Arthur_Tuxedo wrote:Yes, but it wasn't called a demo then. It was Shareware
. I paid six bucks for the Shareware version to be shipped to my house (well, my parents did). Ah, the things we did before the Internet. Glory to the blessed Internet.
The concept of shareware was a bit more than what was typically seen as a demo, it was usually a lot bigger, offering a good sizeable portion of the game to play. As for demos themselves, well, I remember playing them as far back as I can remember on my Commodore 64, well into the 1980s (Wolf 3D is a mid 90s game).
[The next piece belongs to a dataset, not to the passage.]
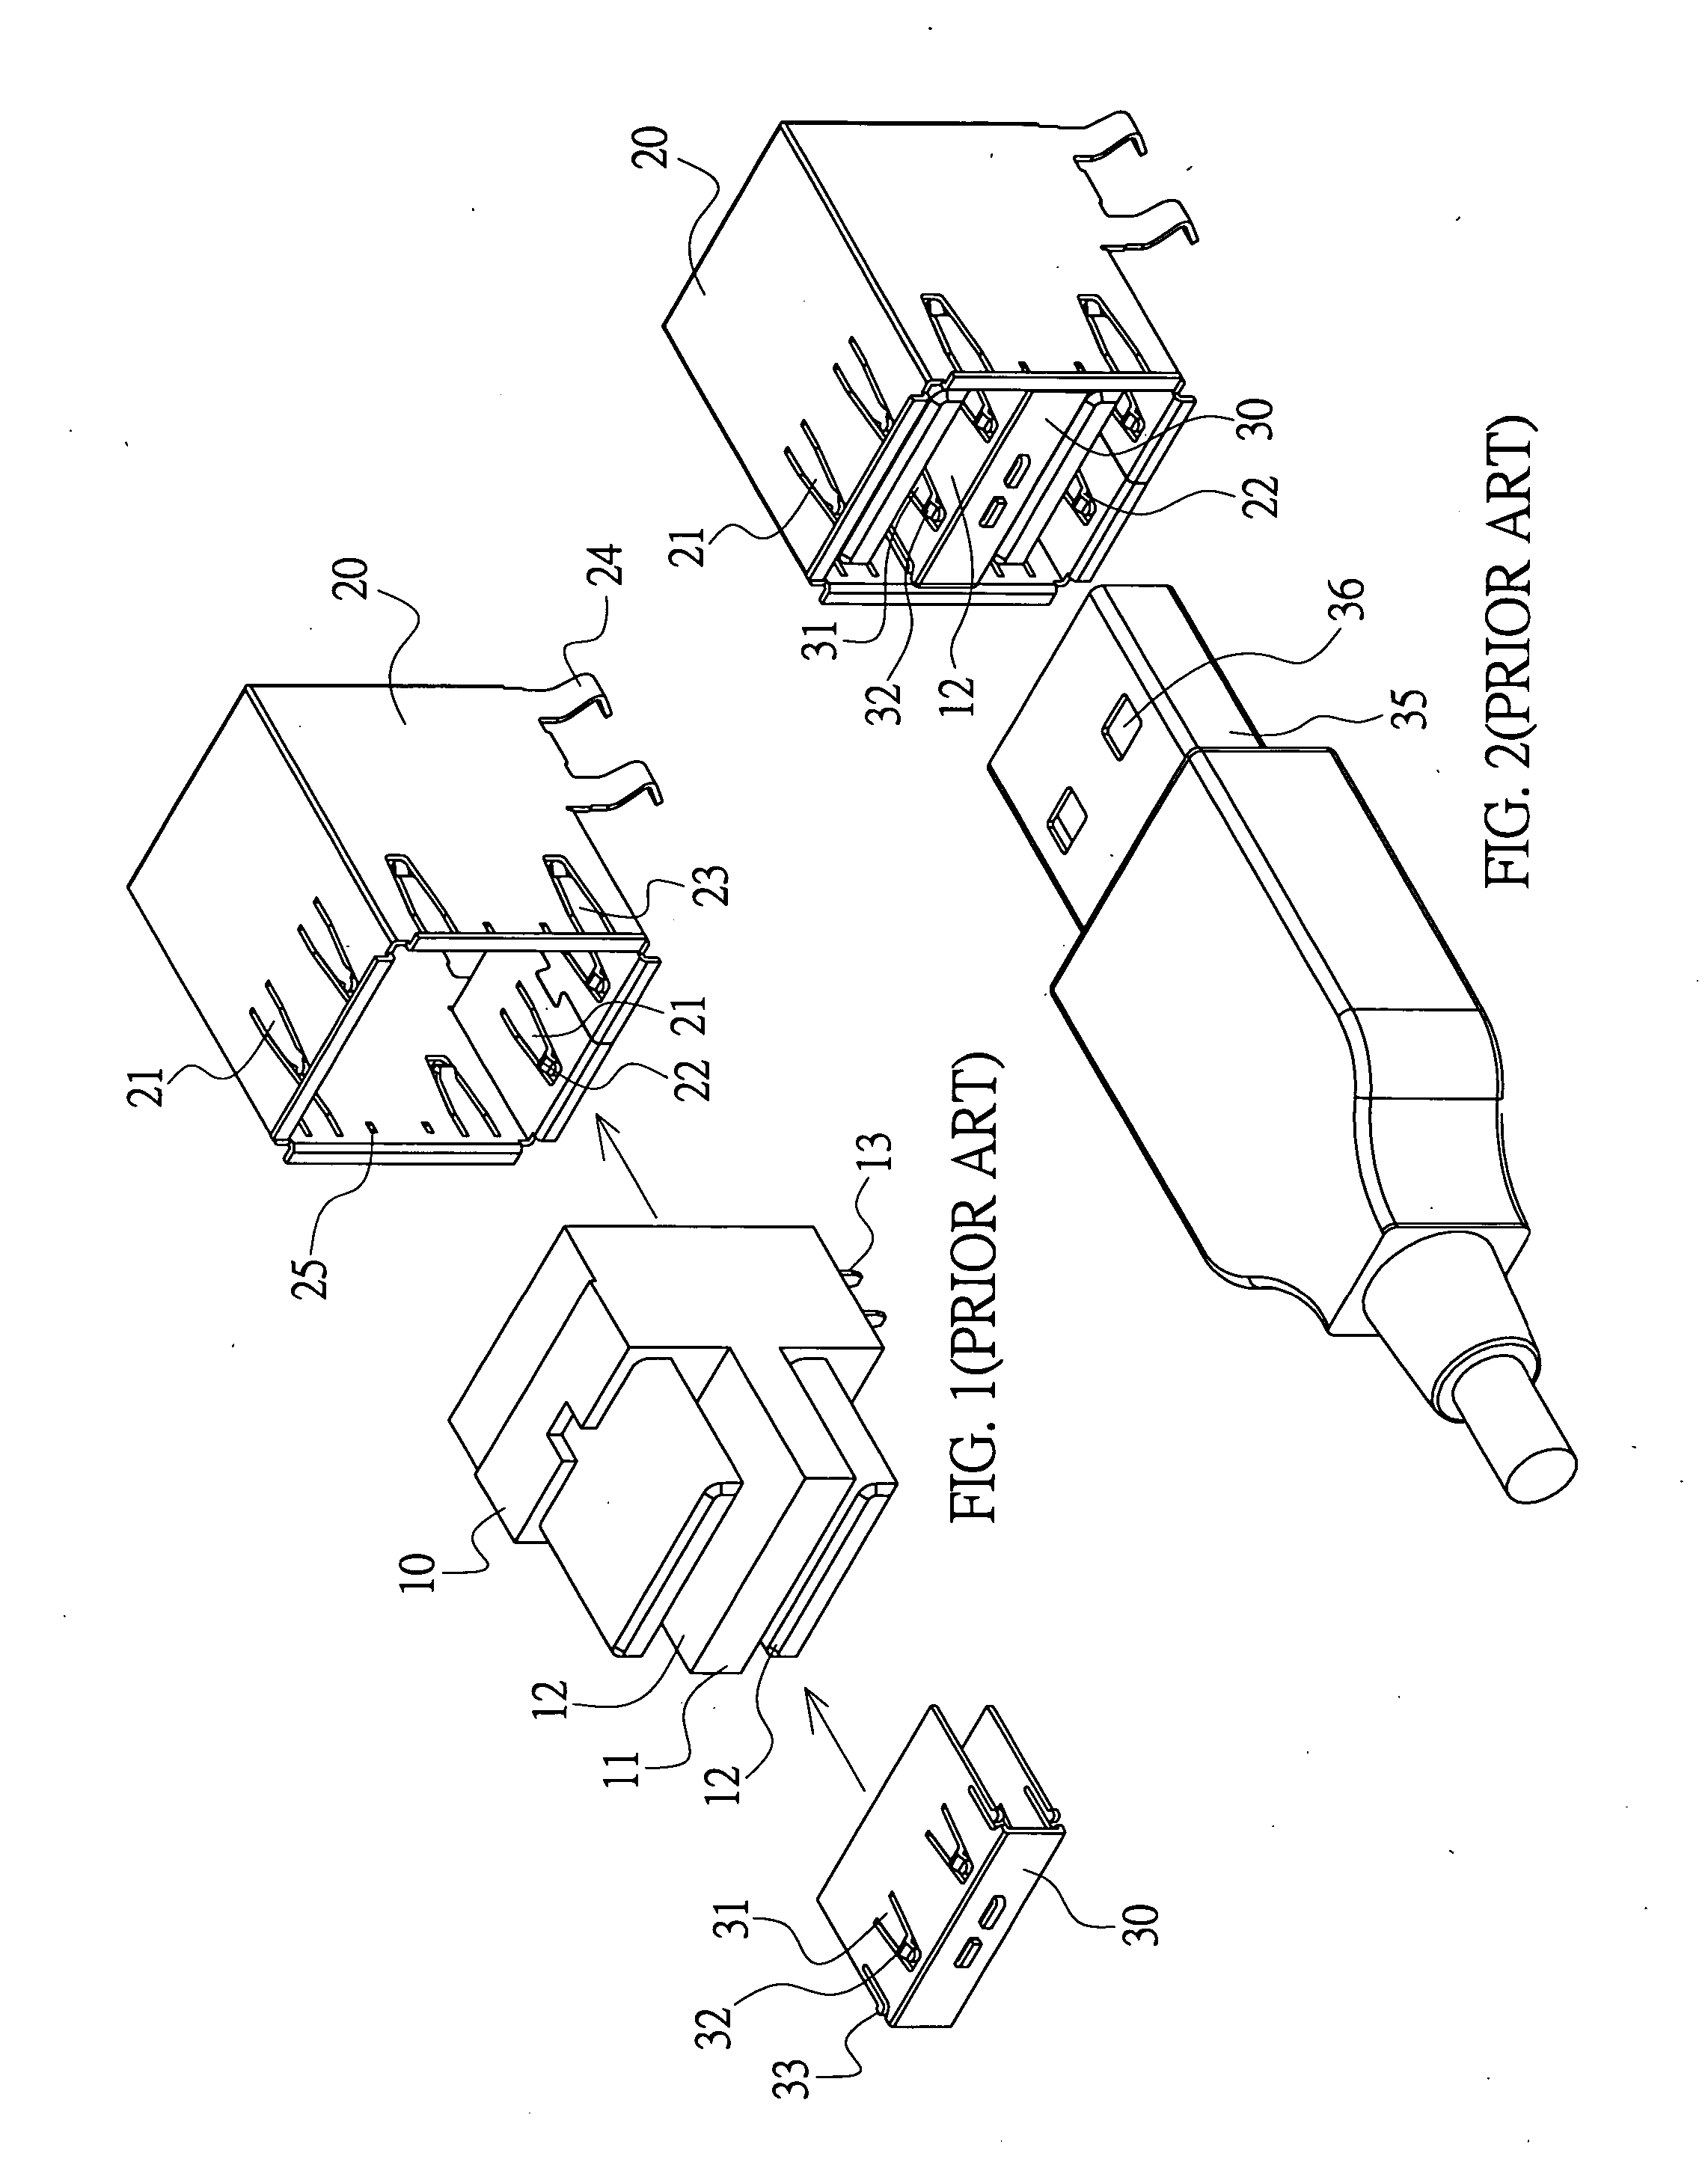 Electrical connector having an engaging element and a metal housing that pertain to different parts

Anyway, my selection is...
Black and White. The scope of the graphics were quite breathtaking allowing you to zoom all the way in (so you could see a maggot in an apple) and zooming all the way out so you could float above the clouds and see the island in full. It all looked quite beautiful.
DN3D: Someone mentioned it already, but I remember being especially amazed by how realistic the setting seemed.
Quake: In some ways it actually felt like a step back after playing DN3D, but it has polygons! This is the game I have in my memory as marking the begining of truely 3D gaming.
Bladerunner: The cut scenes were lush.
C&C: Generals: Explosive eye candy.
Oblivion: Impressive scale, pretty.
Another World/Flashback: Playing this on the Amiga, the movement of the guy you controlled looked so fluid. Had a real cinematic feel to it (which, at the time, was quite rare in computer games).